Murren looked at the track, her boots and finally at Morven. Her expression was one of worry, and she sighed gusty enough to move the reeds at the side of the river.

‘It might be as well,’ she said. ‘I really do not want to annoy Mama any more. I wish she would realise I’m not outgoing like you. I don’t want to be influential, or run a large household. I want a quiet life, with someone who loves me as me. If I’m blessed with children I want to see them growing up, be part of their lives all the time, not just for half an hour each day.’ Her face was full of misery. Morven hugged her and Murren returned the embrace. ‘Is it too much to ask for?’

‘No it isn’t,’ Morven replied firmly.
I want that as well.
‘We deserve more than society thinks we should be satisfied with.’ She chuckled. ‘Good Lord, I sound like Mary Wollstonecraft. It’s as well Mama isn’t around to hear me, she’d lock me in my room on bread and water until I mended my ways. Come on, let’s go over the stile and head for the castle.’

They walked along in companionable silence, each, Morven assumed, absorbed by their own thoughts, until Murren clutched Morven’s arm and brought her out of her reverie. ‘Morven, who is that coming towards us?’

A tall stately lady with long black hair, even darker than Morven’s, that flowed around her shoulders and to her waist walked briskly towards them and stopped a few feet away. Her dress of reds and golds glittered in the sunlight, and swirled around her bare feet.

‘My ladies, you were looking for me.’ It wasn’t couched as a question.

‘Were we?’ Morven asked as Murren took a step back. Really, Morven thought with exasperation, Murren might be shy, but that is ridiculous. She’d need to speak firmly to her sister about it before long. So much seemed put on. However, not at that moment. The unknown woman was looking at her quizzically.

‘I don’t think so, thank you,’ Morven said composedly.

The woman’s eyes crinkled and she smiled in a way that conveyed secrets. ‘Oh but I know so, Lady Morven, so come with me.’ Her eyes, darker than the night sky, seemed to bore into Morven. It should have made her wary, but instead to her surprise it made her settled, warm and safe. A strange feeling and one she’d rarely experienced except in Fraser’s arms.

‘Should we?’ Murren whispered worriedly. ‘How does she know your name?’

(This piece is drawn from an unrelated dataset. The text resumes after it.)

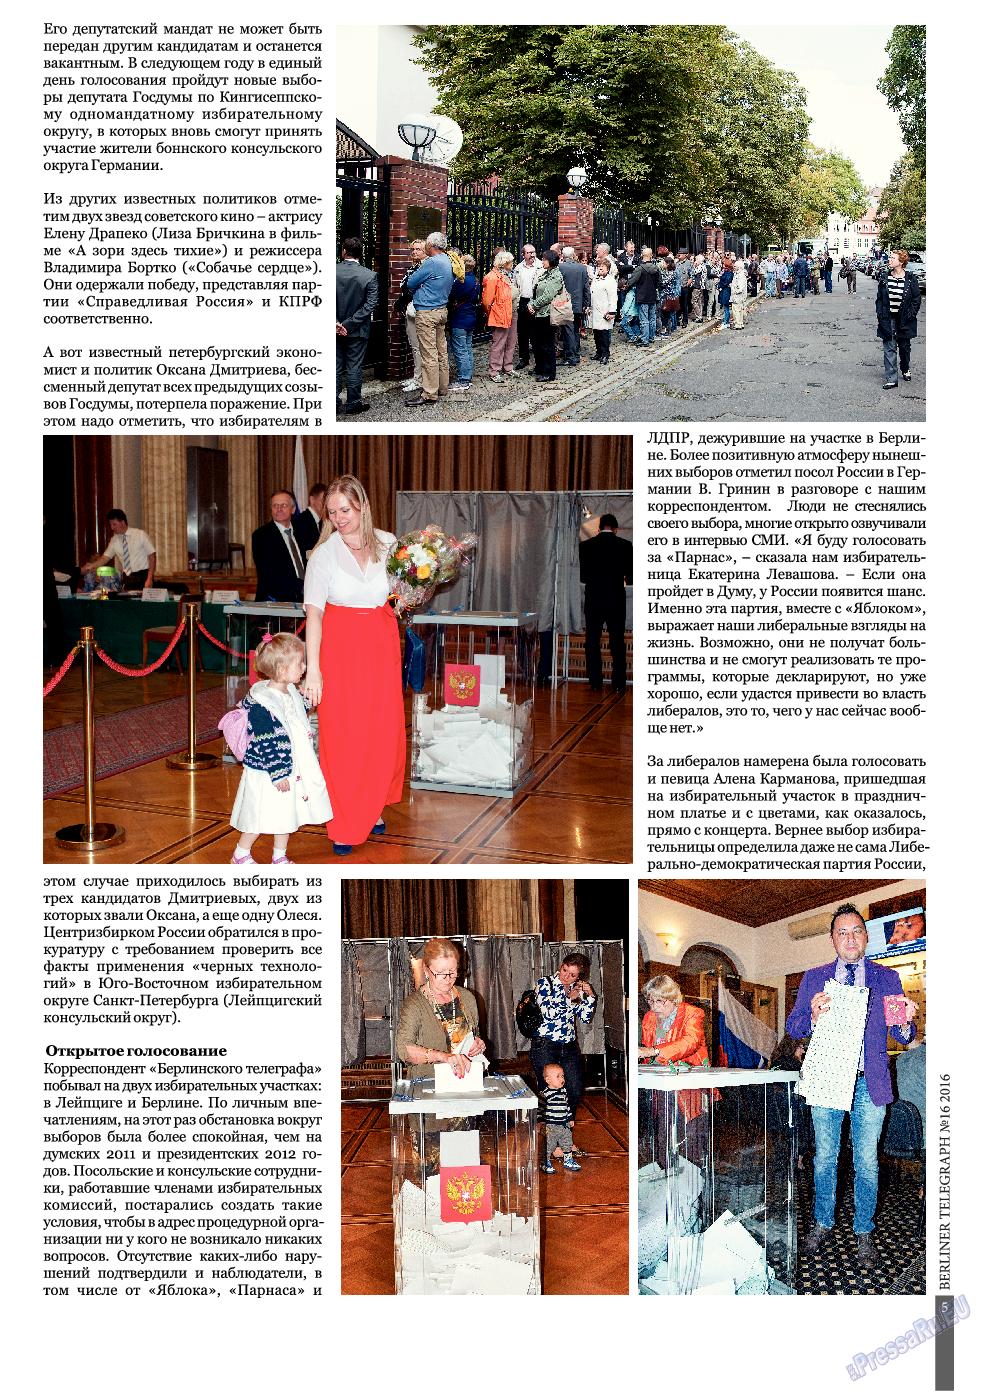 Берлинский телеграф (журнал). 2016 год, номер 16, стр. 5

Morven shrugged. She couldn’t feel anything untoward, and she seemed to have a sense that shouted “beware” when necessary, or she thought with a jolt, she did up here, in Scotland. Now she realised she had no such thing south of the border. For almost eight years that itch to warn her to be on her guard had been absent, and not she decided because it was not needed. There had been many a time it would have come in handy.

Now though? Nothing. So they might as well see what happened. After all if the woman led them in a direction they didn’t want to go, there were two of them and one of her. A quick turnabout would be easy. ‘Why not.’

‘It will be in your best interests,’ the woman said, as they left the track and walked towards some buildings a few hundred yards ahead. ‘Both of you. The young lassie? She’s troubled by different things than you, my lady Morven. Come and sit.’ She gestured to a low stone wall surrounding a cottage. ‘Let me explain.’

Murren went white. Morven squeezed her hand. There was nothing she could do except sit outside the building and wait to hear what the lady had to impart.

‘We’re listening,’ she said as the lady settled on the ground in front of them, her skirts spread around her. ‘Who are you?’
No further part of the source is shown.